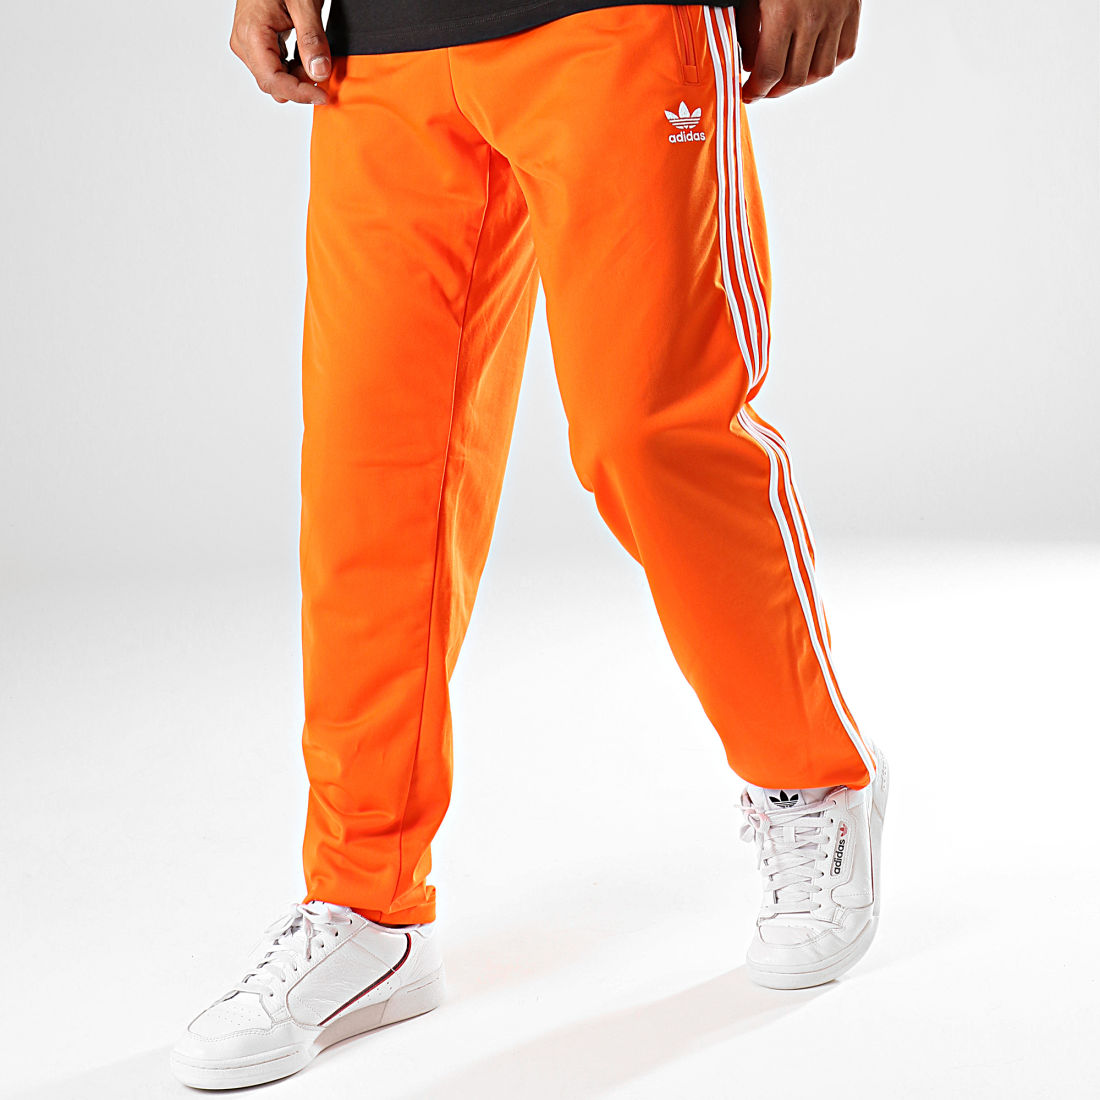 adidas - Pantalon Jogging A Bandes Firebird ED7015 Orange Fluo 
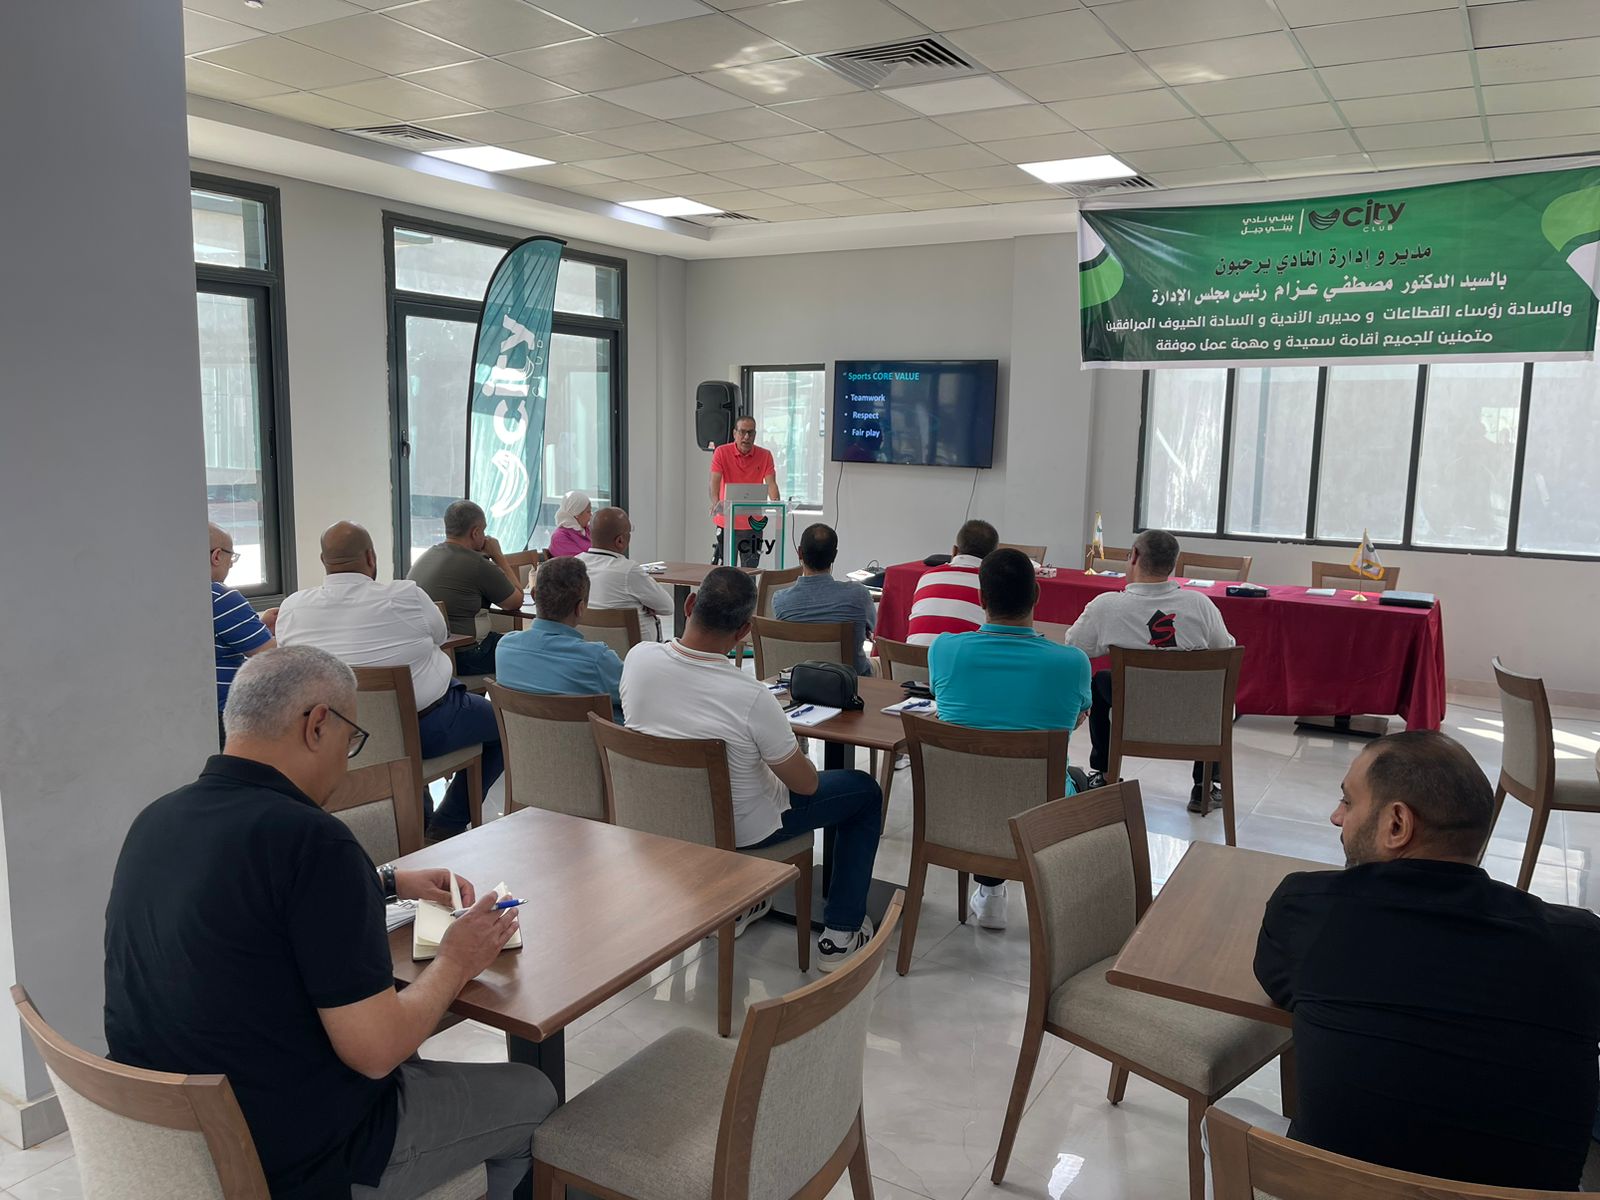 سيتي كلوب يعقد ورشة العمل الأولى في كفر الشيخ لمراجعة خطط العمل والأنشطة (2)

* * *

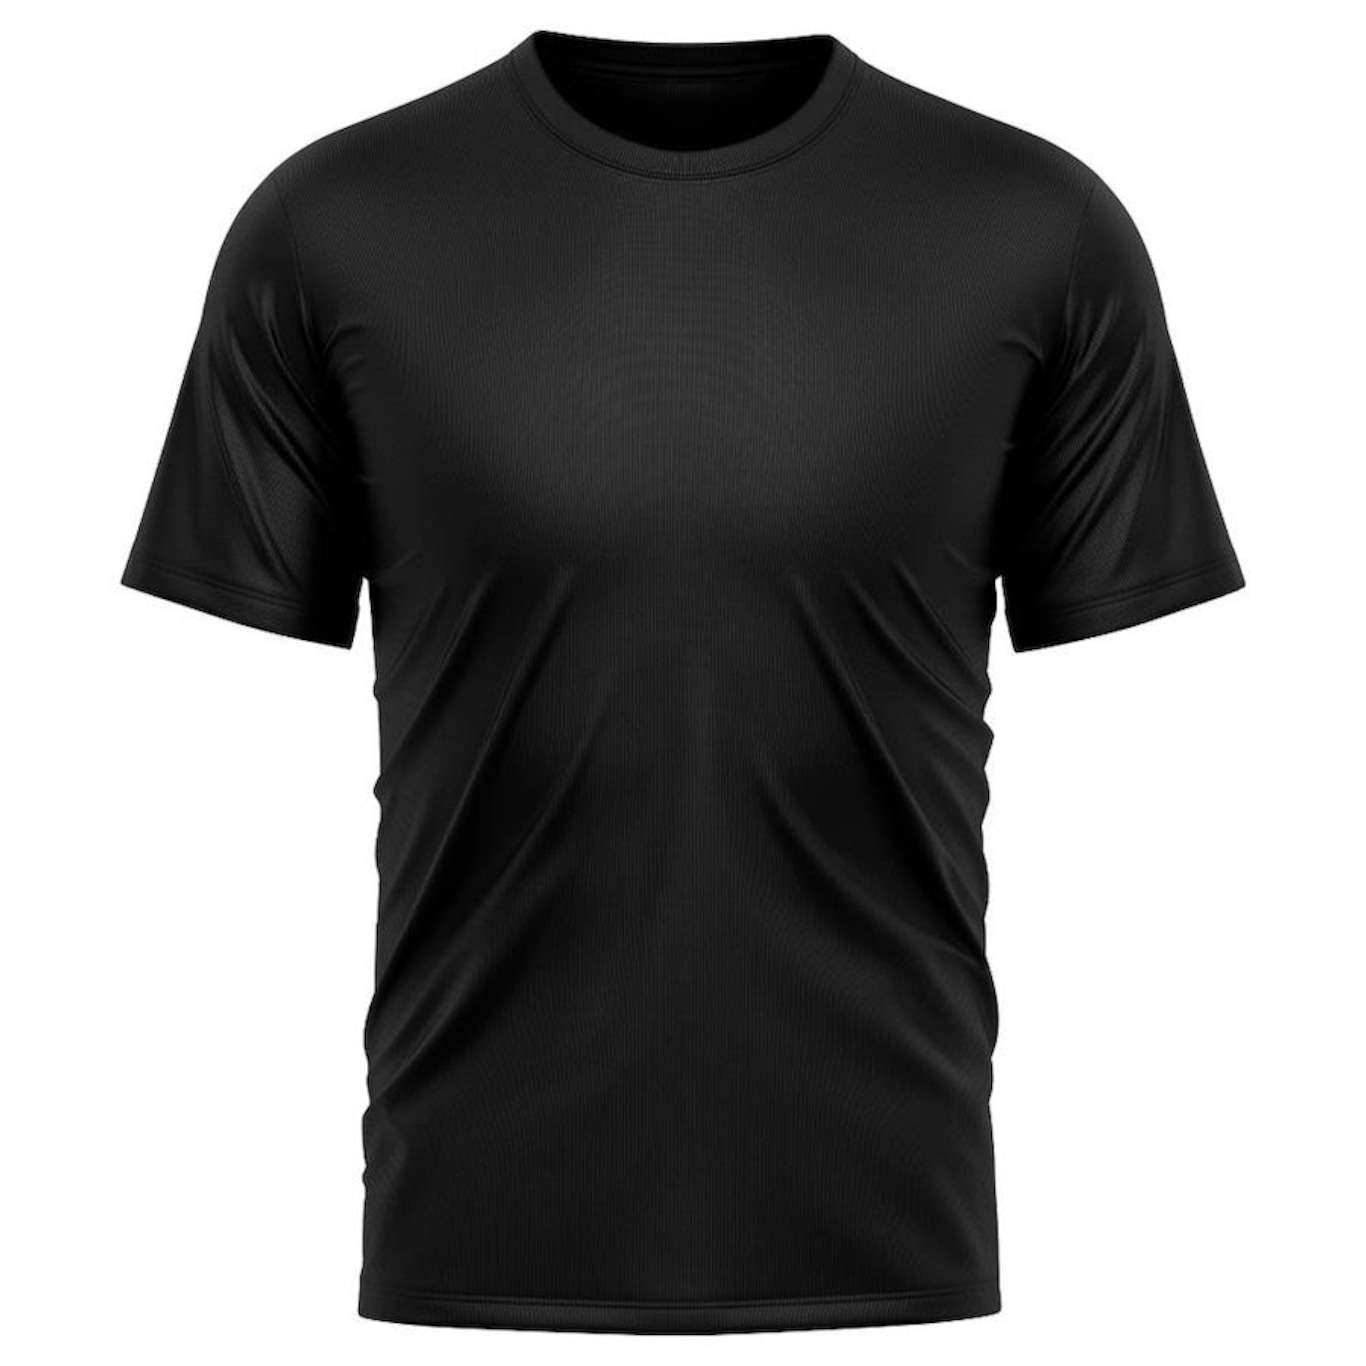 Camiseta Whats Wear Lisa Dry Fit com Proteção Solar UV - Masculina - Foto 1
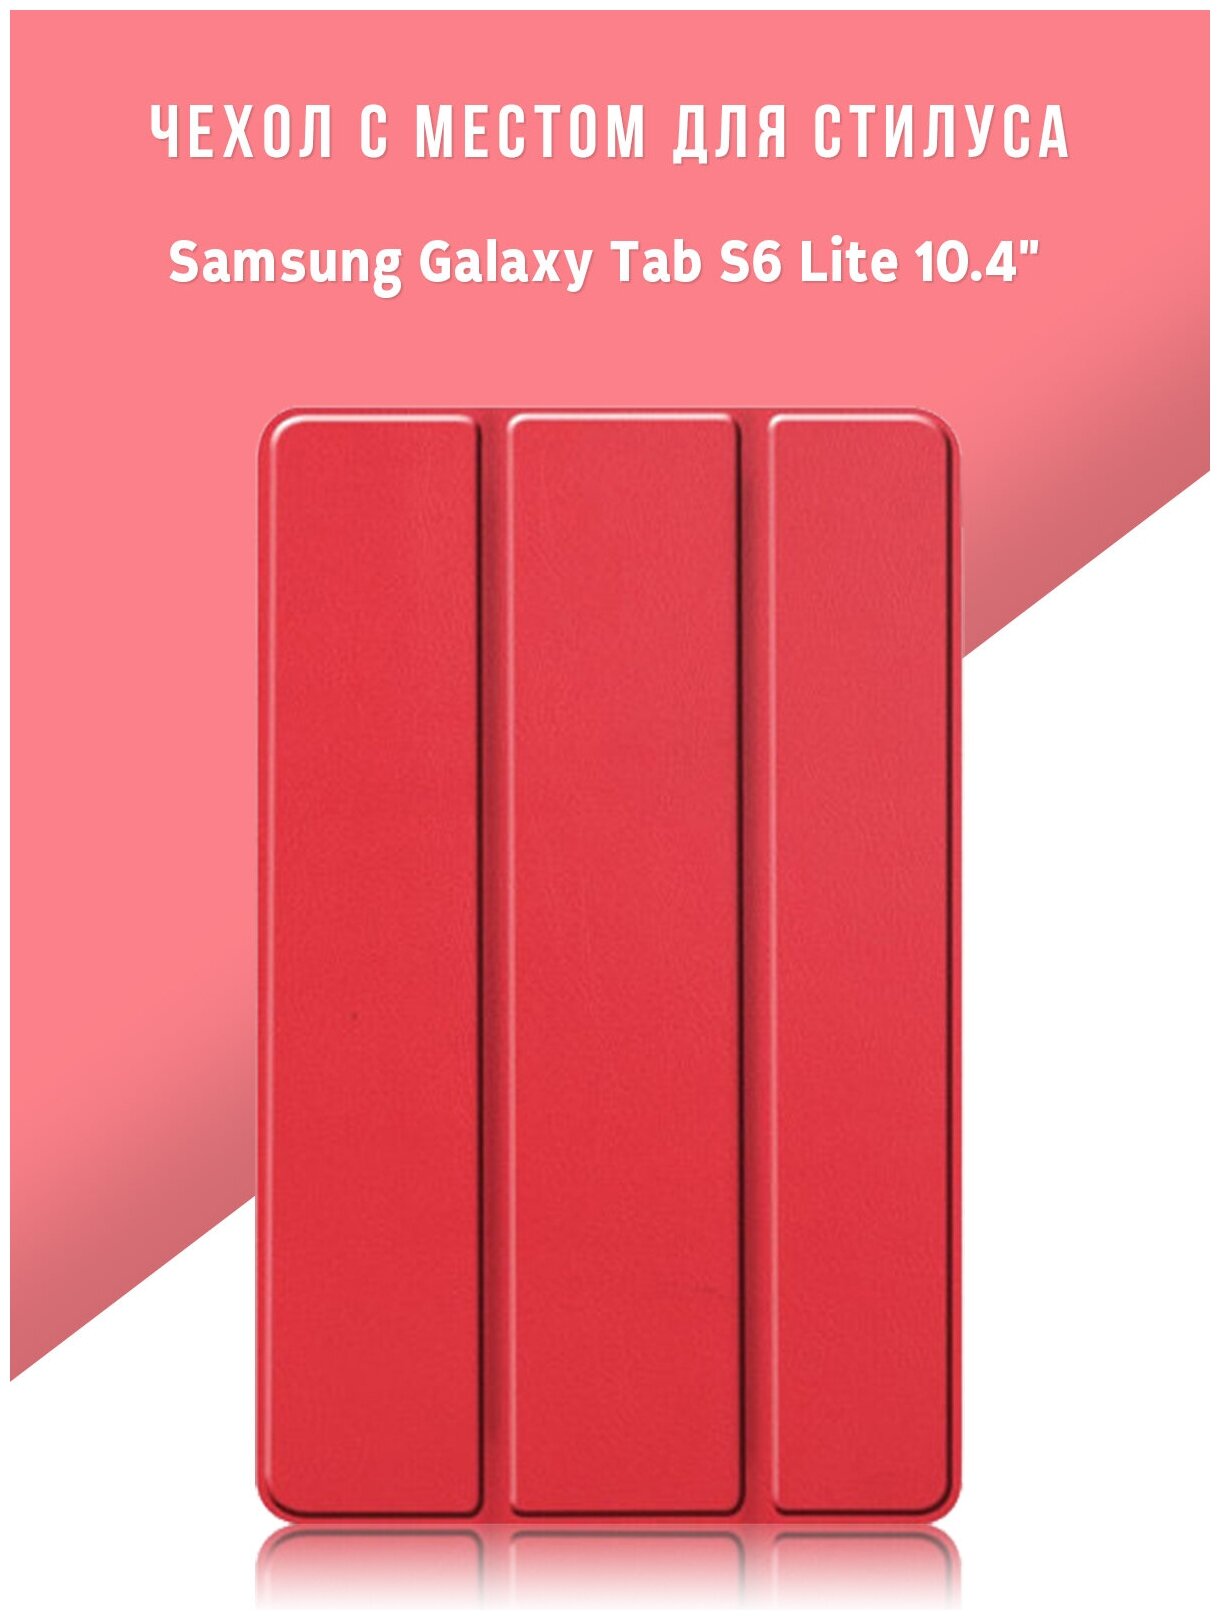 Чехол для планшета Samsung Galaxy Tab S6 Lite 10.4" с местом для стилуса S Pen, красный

REQUIRED ACTION: Given the listing above, retype only the span of lines from the line with "Camiseta Whats Wear" up to and including the line with "Чехол для планшета", exactly as it stands and without pictures.

SOLUTION:
 Camiseta Whats Wear Lisa Dry Fit com Proteção Solar UV - Masculina - Foto 1
 Чехол для планшета Samsung Galaxy Tab S6 Lite 10.4" с местом для стилуса S Pen, красный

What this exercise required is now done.